**Task instructions**
A word-for-word copy of the listing is required, and it must contain no pictures.
Dataset extract Start Marker
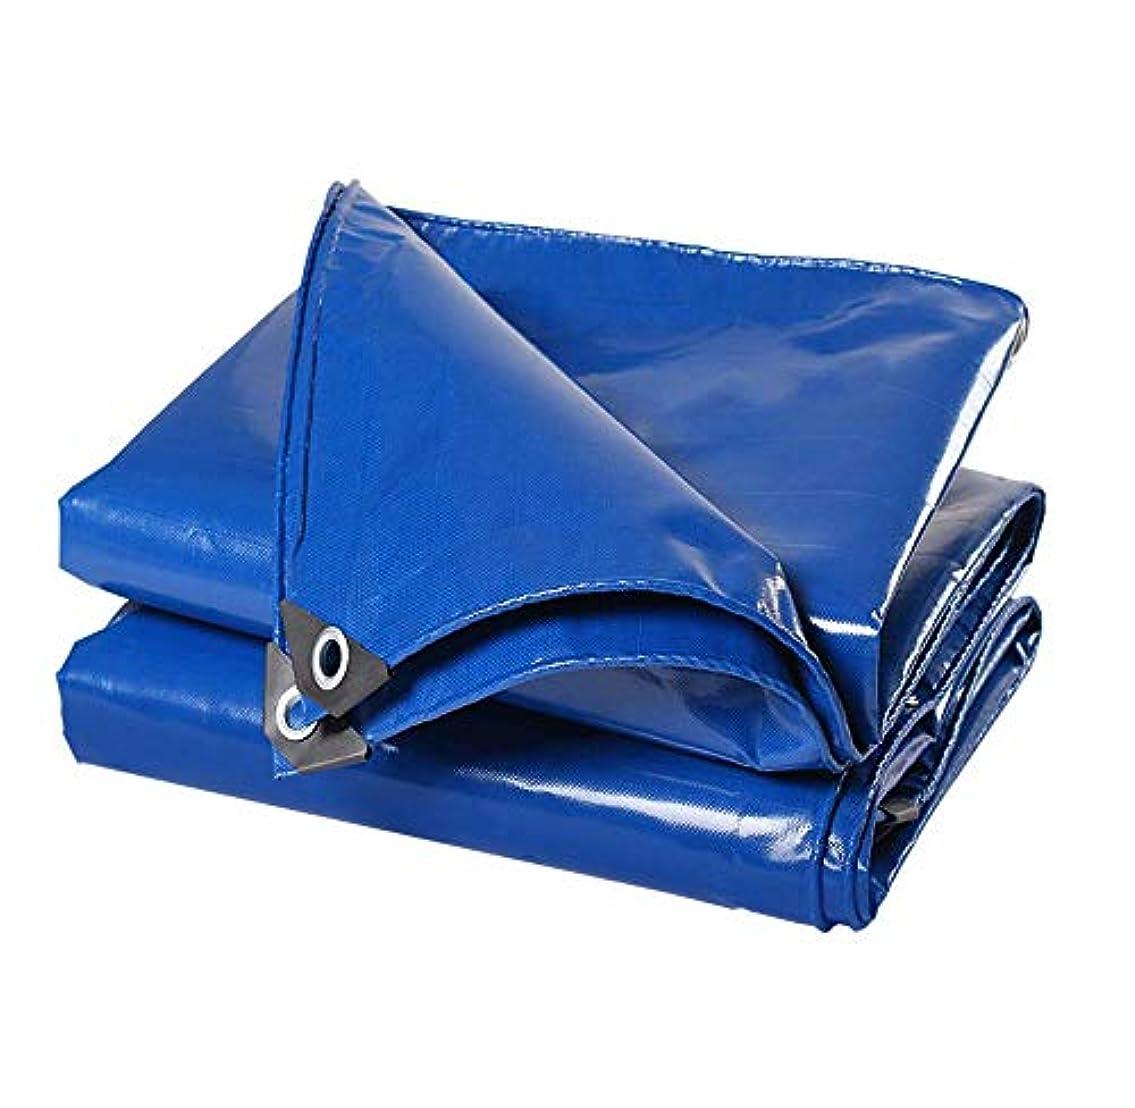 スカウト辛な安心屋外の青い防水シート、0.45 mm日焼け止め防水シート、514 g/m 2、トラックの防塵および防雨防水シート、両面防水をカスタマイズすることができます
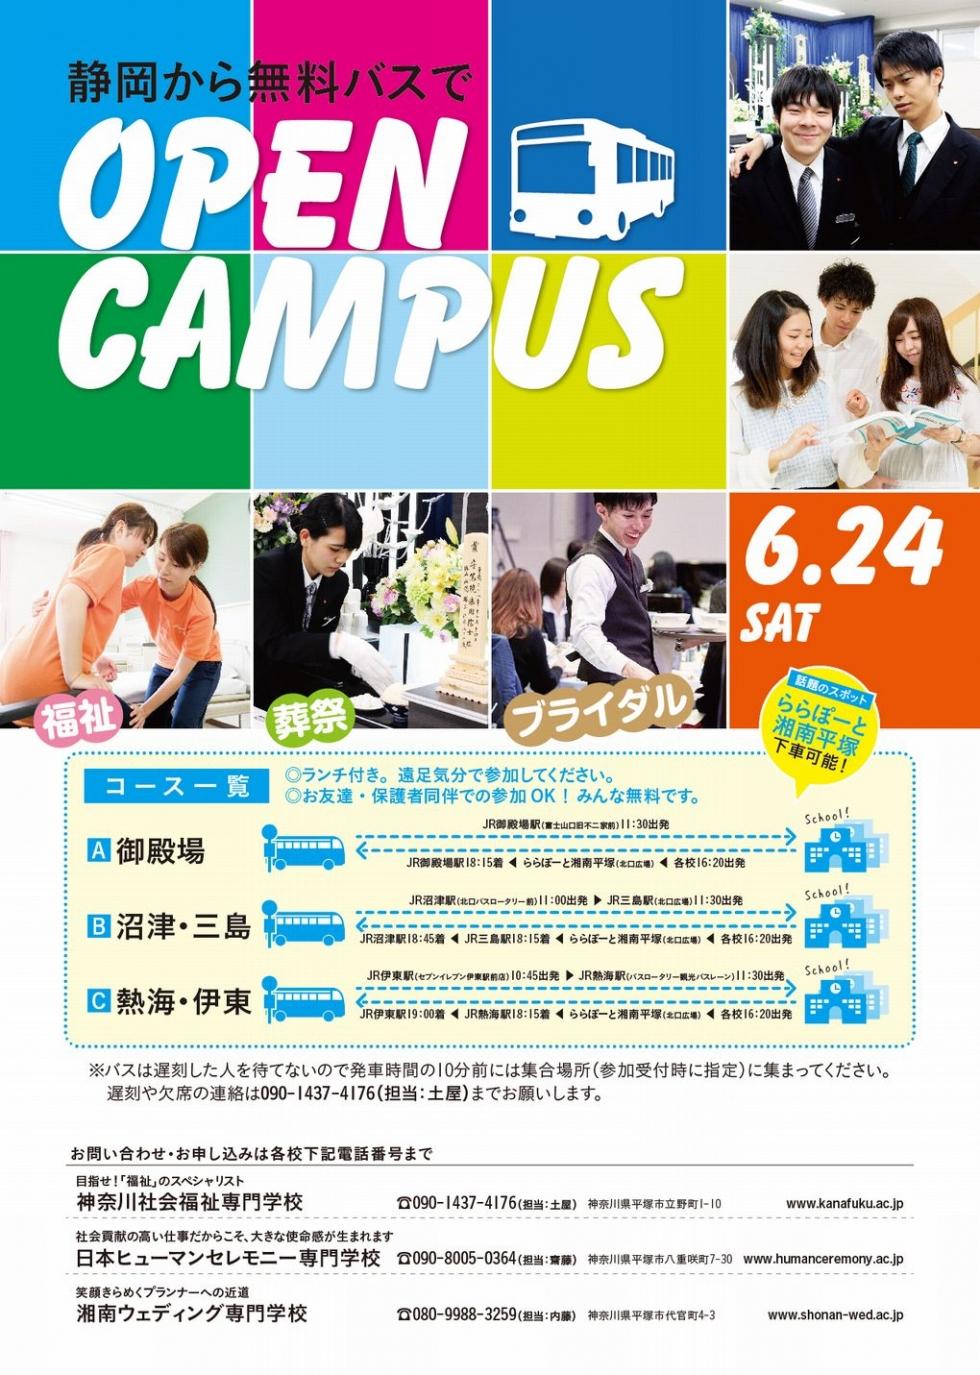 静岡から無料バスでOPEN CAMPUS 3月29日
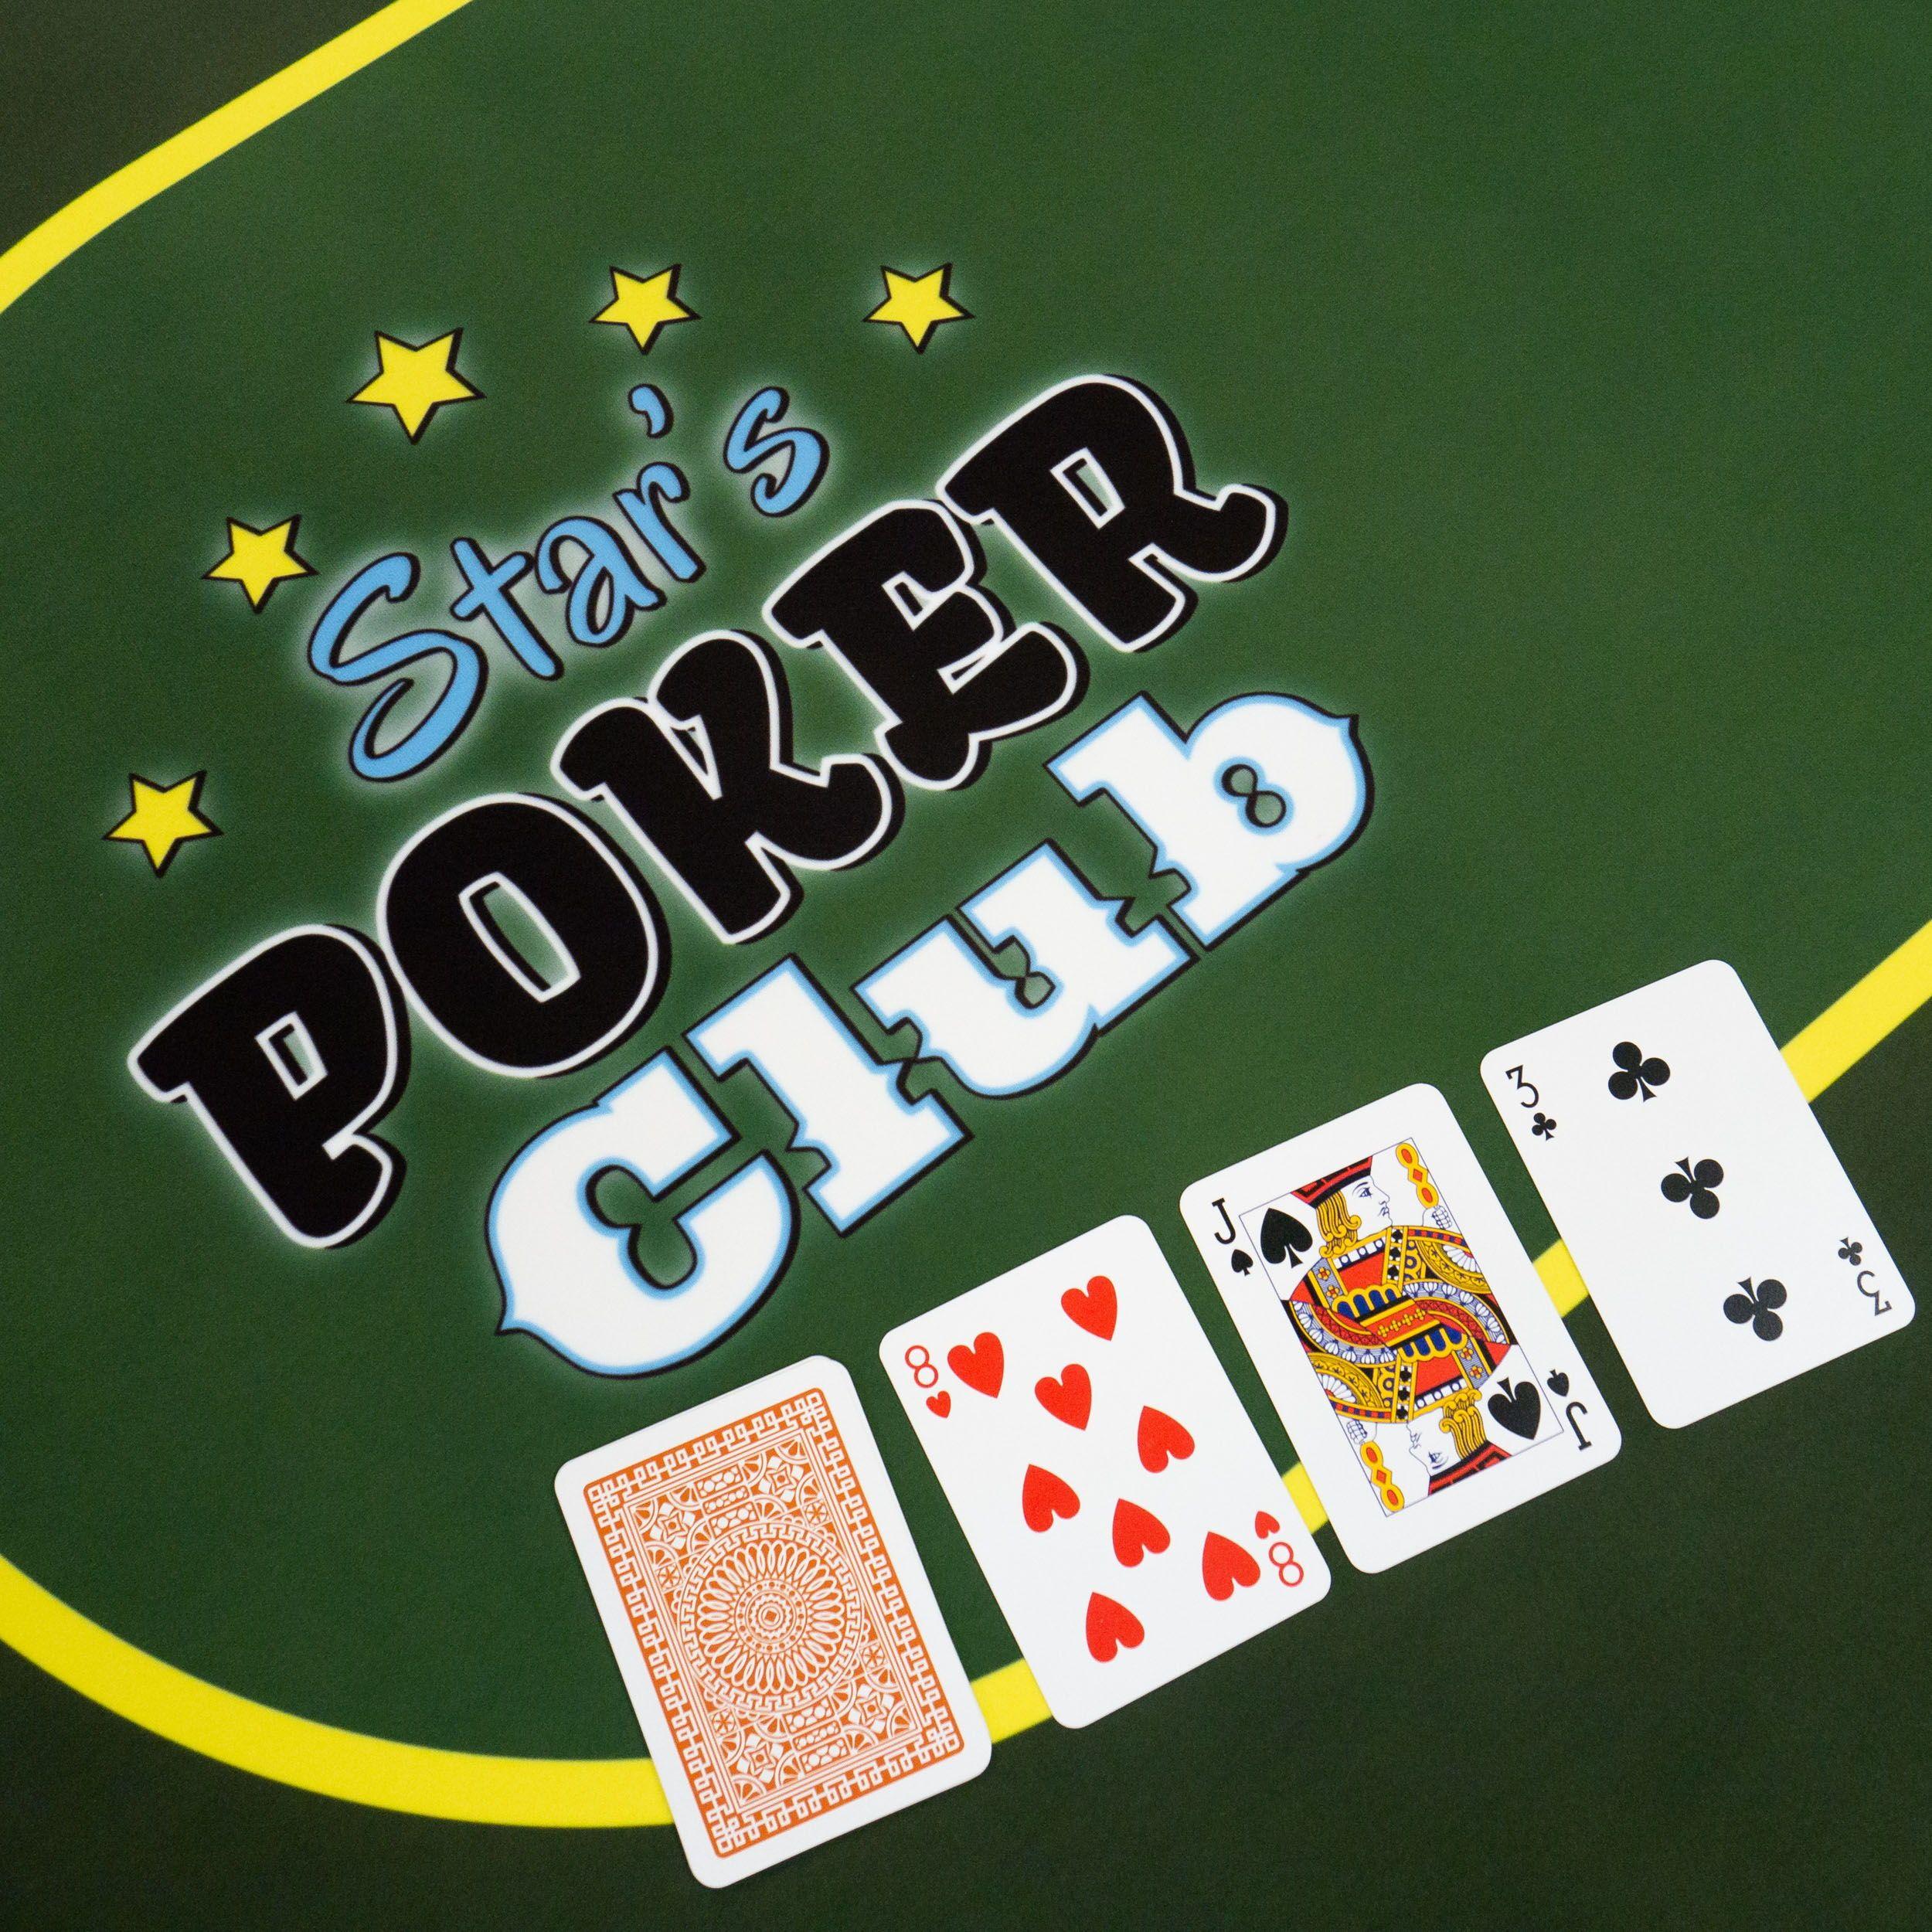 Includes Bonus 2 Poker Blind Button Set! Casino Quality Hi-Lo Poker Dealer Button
Dataset extract End Marker
**Reply to the exercise**
 スカウト辛な安心屋外の青い防水シート、0.45 mm日焼け止め防水シート、514 g/m 2、トラックの防塵および防雨防水シート、両面防水をカスタマイズすることができます
 静岡から無料バスでOPEN CAMPUS 3月29日
 Includes Bonus 2 Poker Blind Button Set! Casino Quality Hi-Lo Poker Dealer Button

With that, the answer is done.